An exact copy is the goal: every line from the one containing "Halloween_pumpkin_lantern_at_night_with_" to the end of the material below, pictures excluded.
[[ Recorded data, beginning ]]
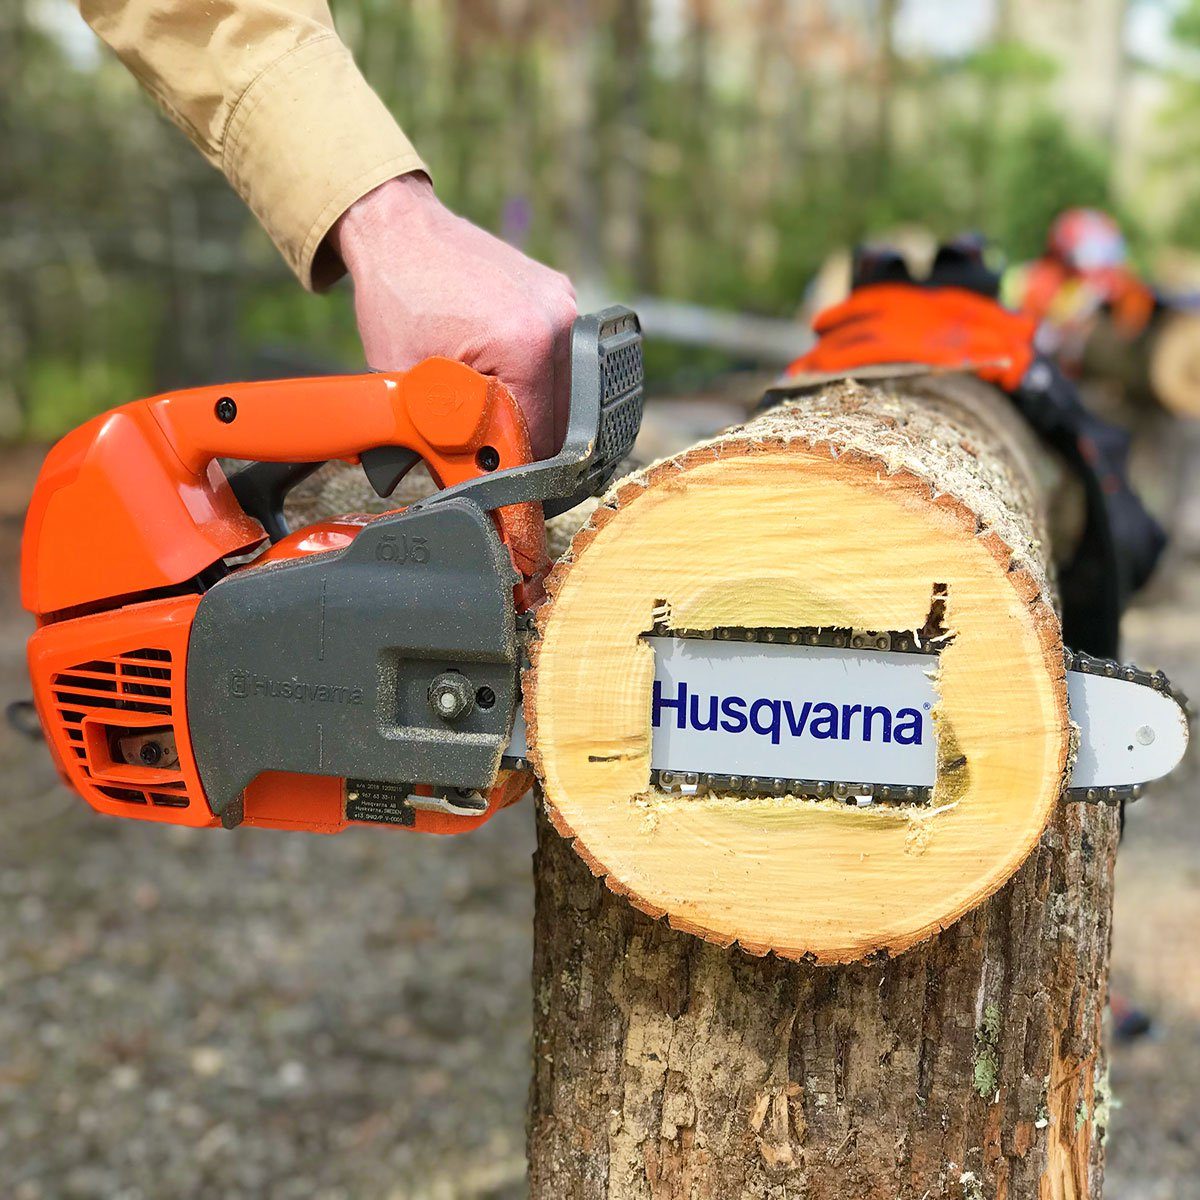 New Husqvarna Chain Saws Unveiled
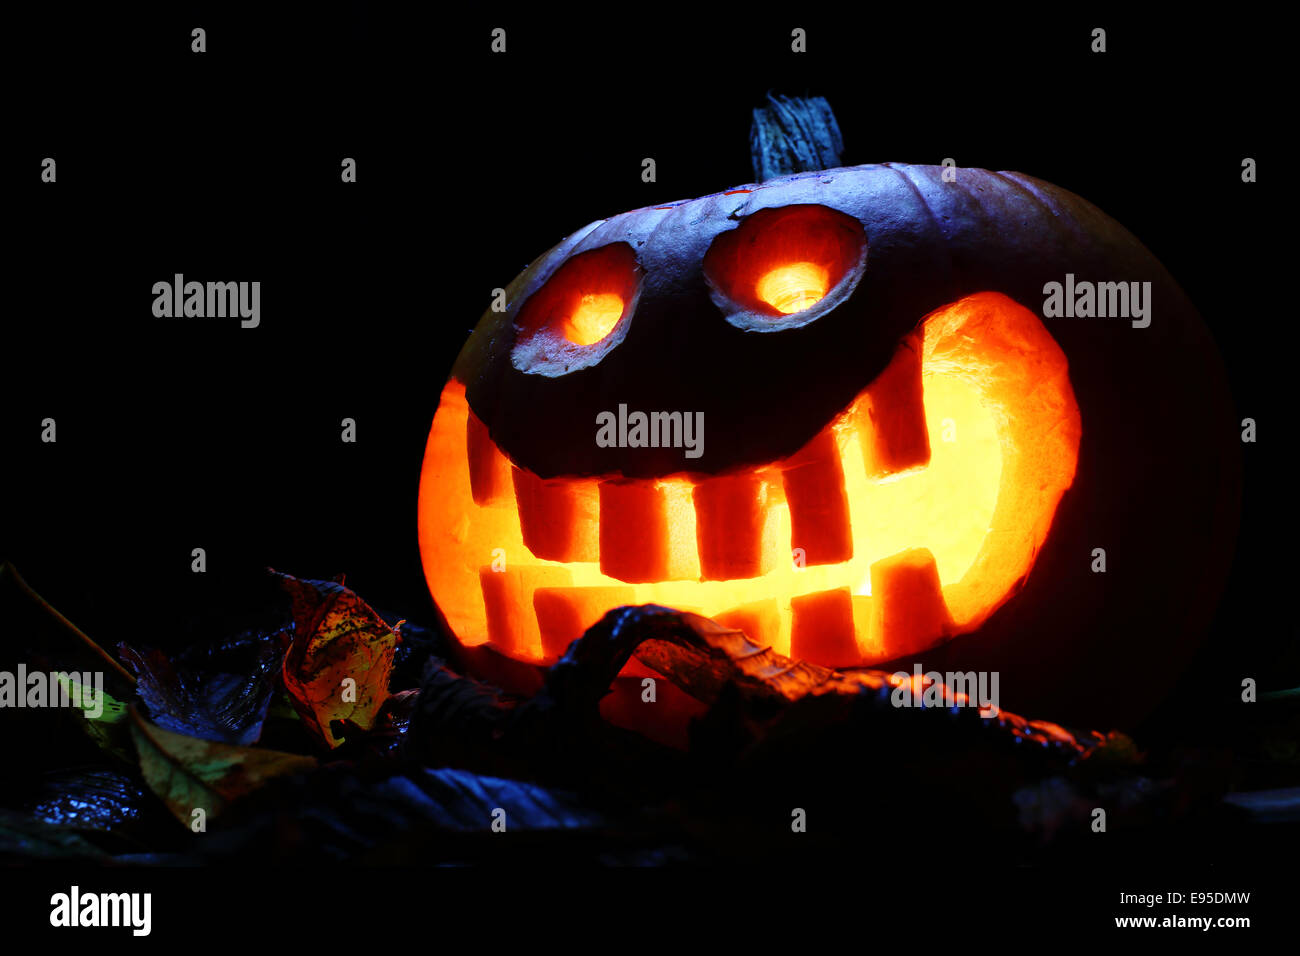 Halloween_pumpkin_lantern_at_night_with_
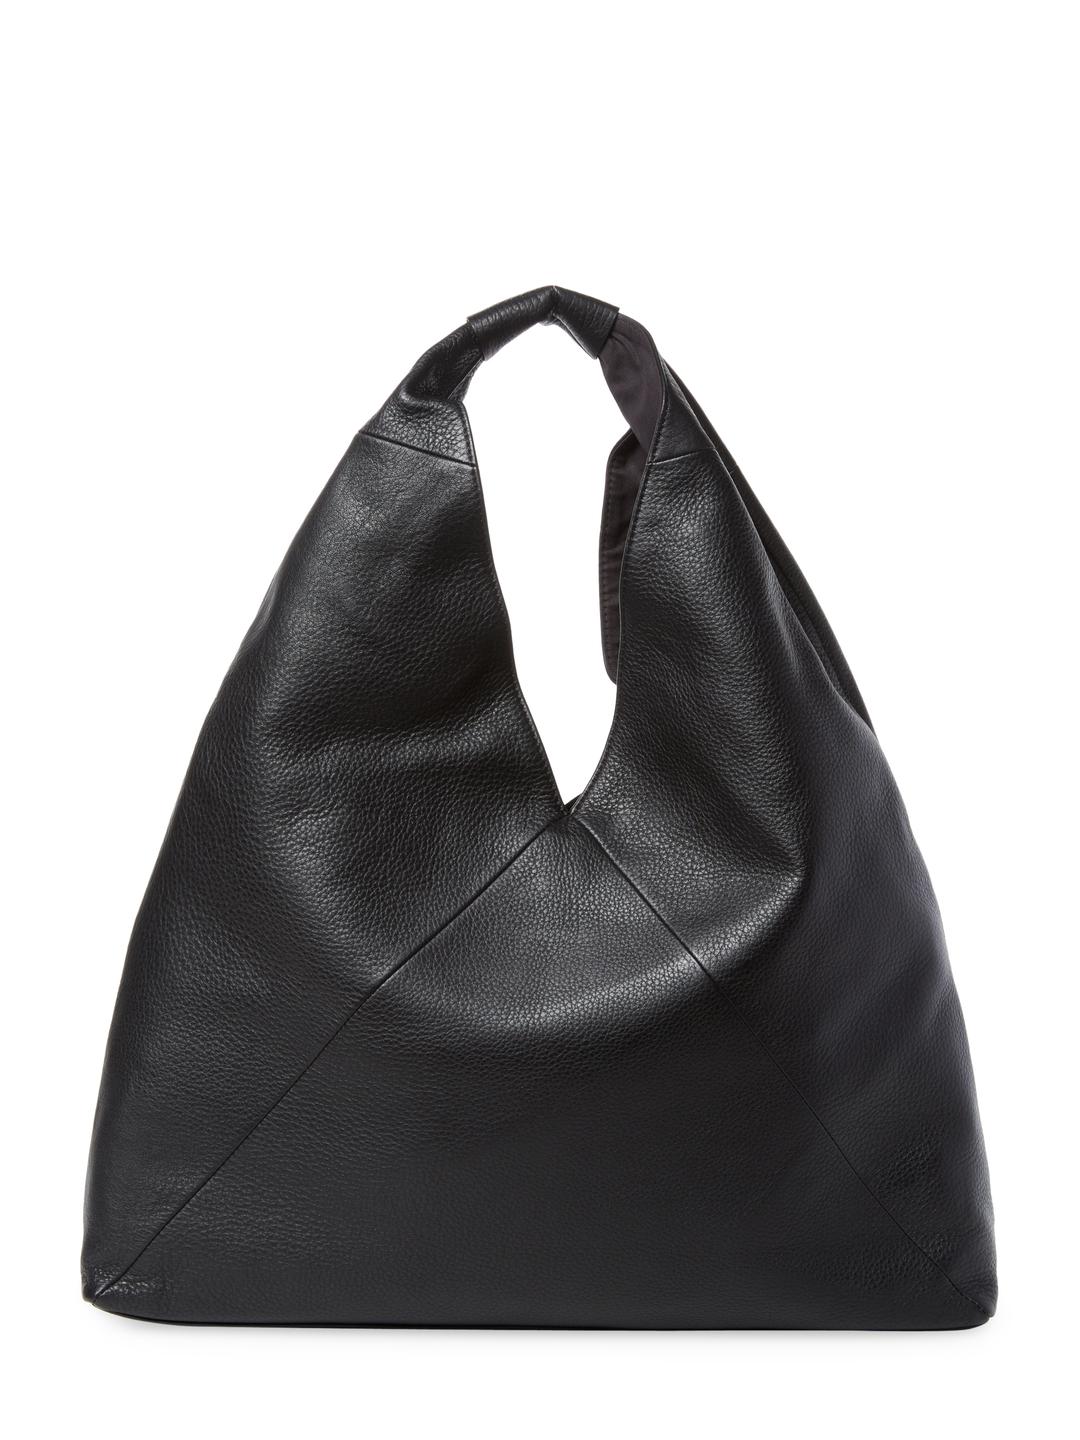 Steven Alan Tristan Triangle Hobo Bag in Black | Lyst
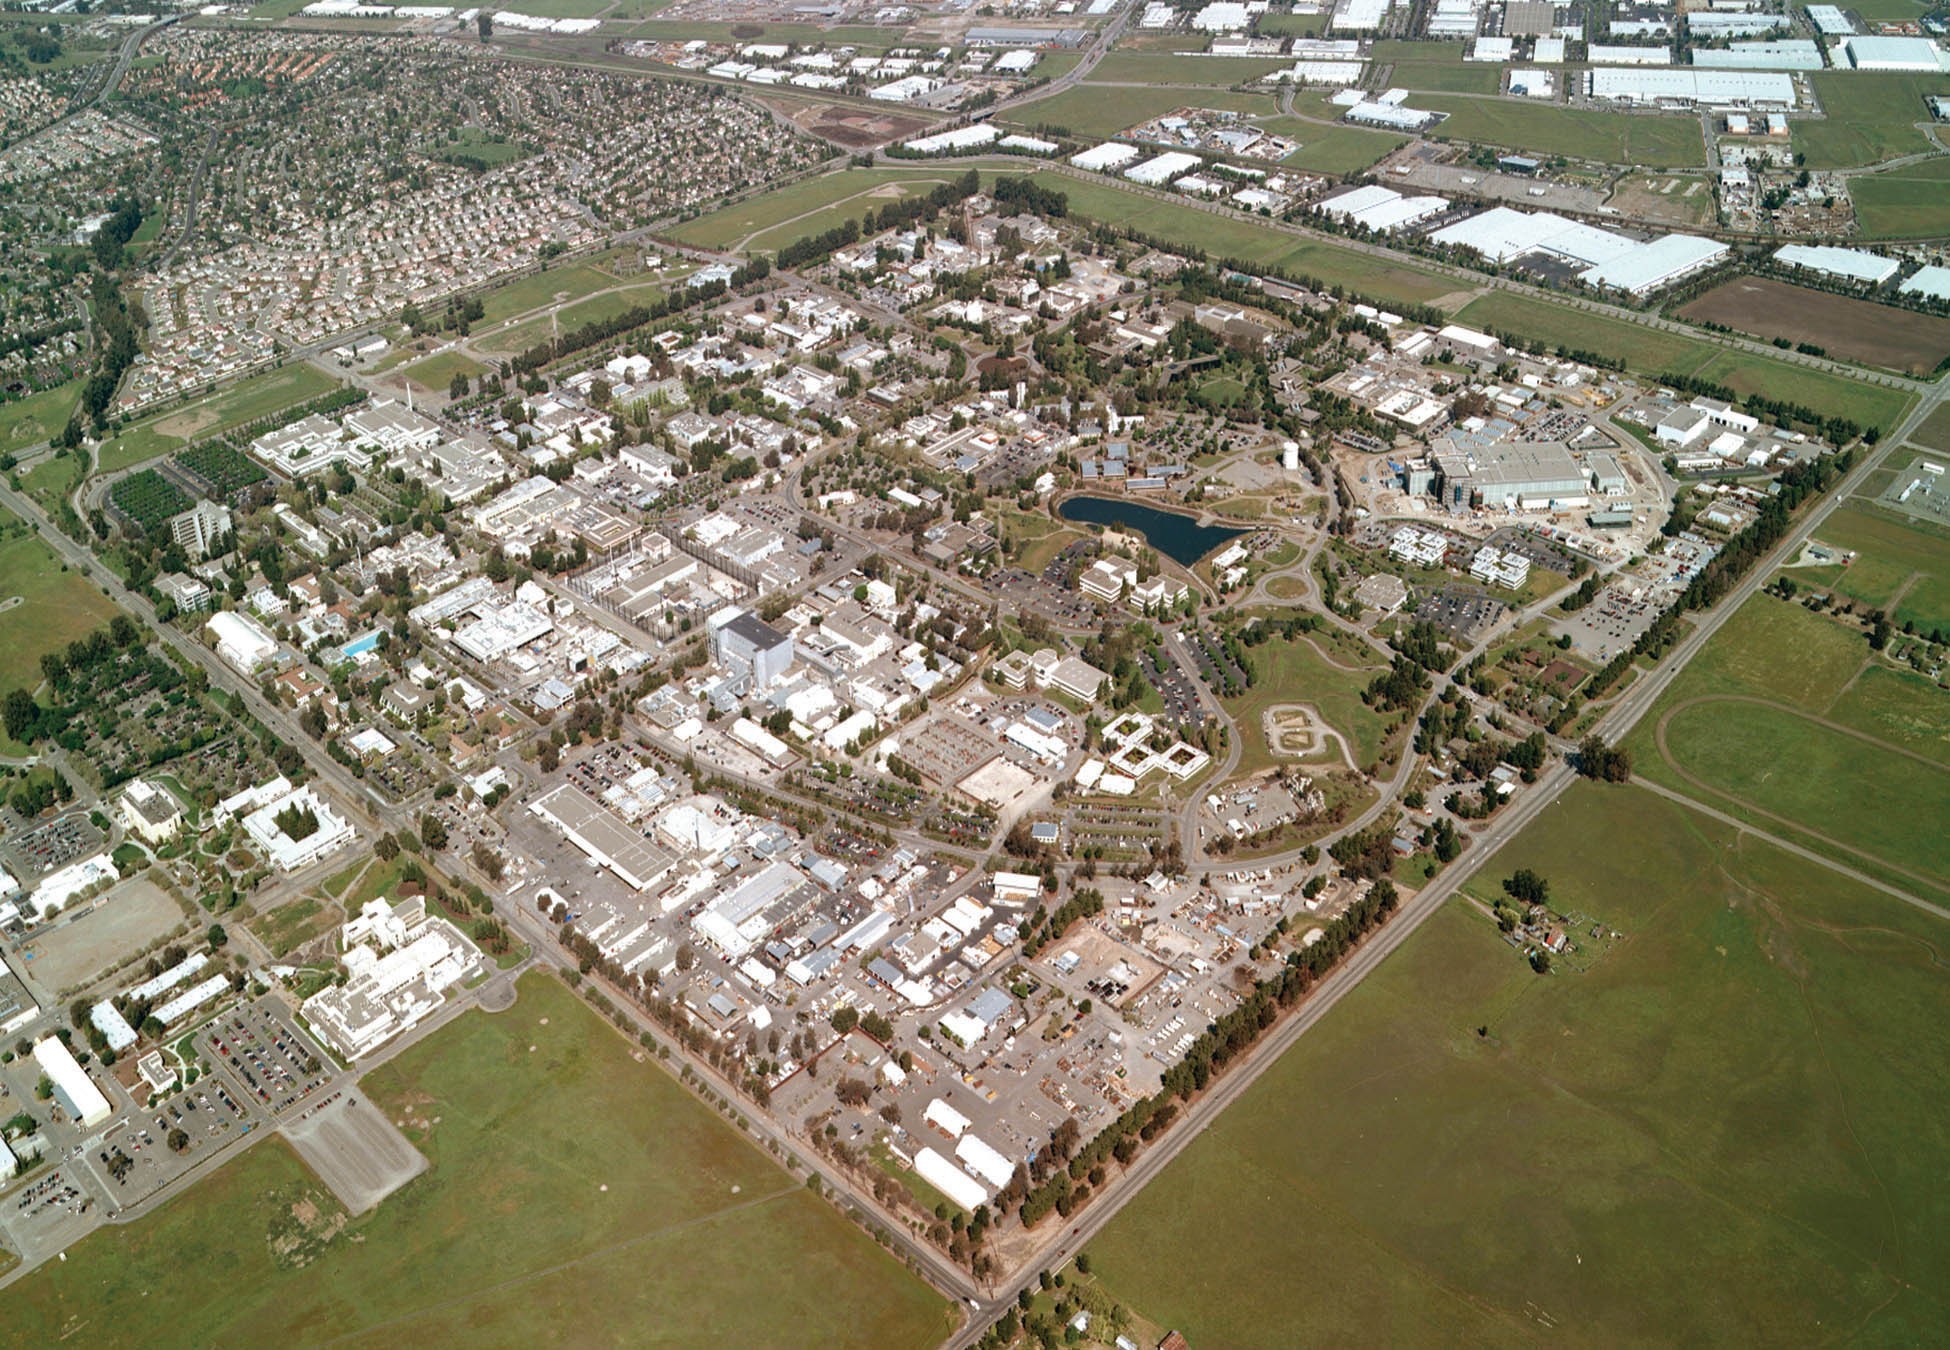 General 1950x1350 aerial view landscape city
[[ Recorded data, end ]]
▶ _Expected output_
 Halloween_pumpkin_lantern_at_night_with_
 Steven Alan Tristan Triangle Hobo Bag in Black | Lyst
 General 1950x1350 aerial view landscape city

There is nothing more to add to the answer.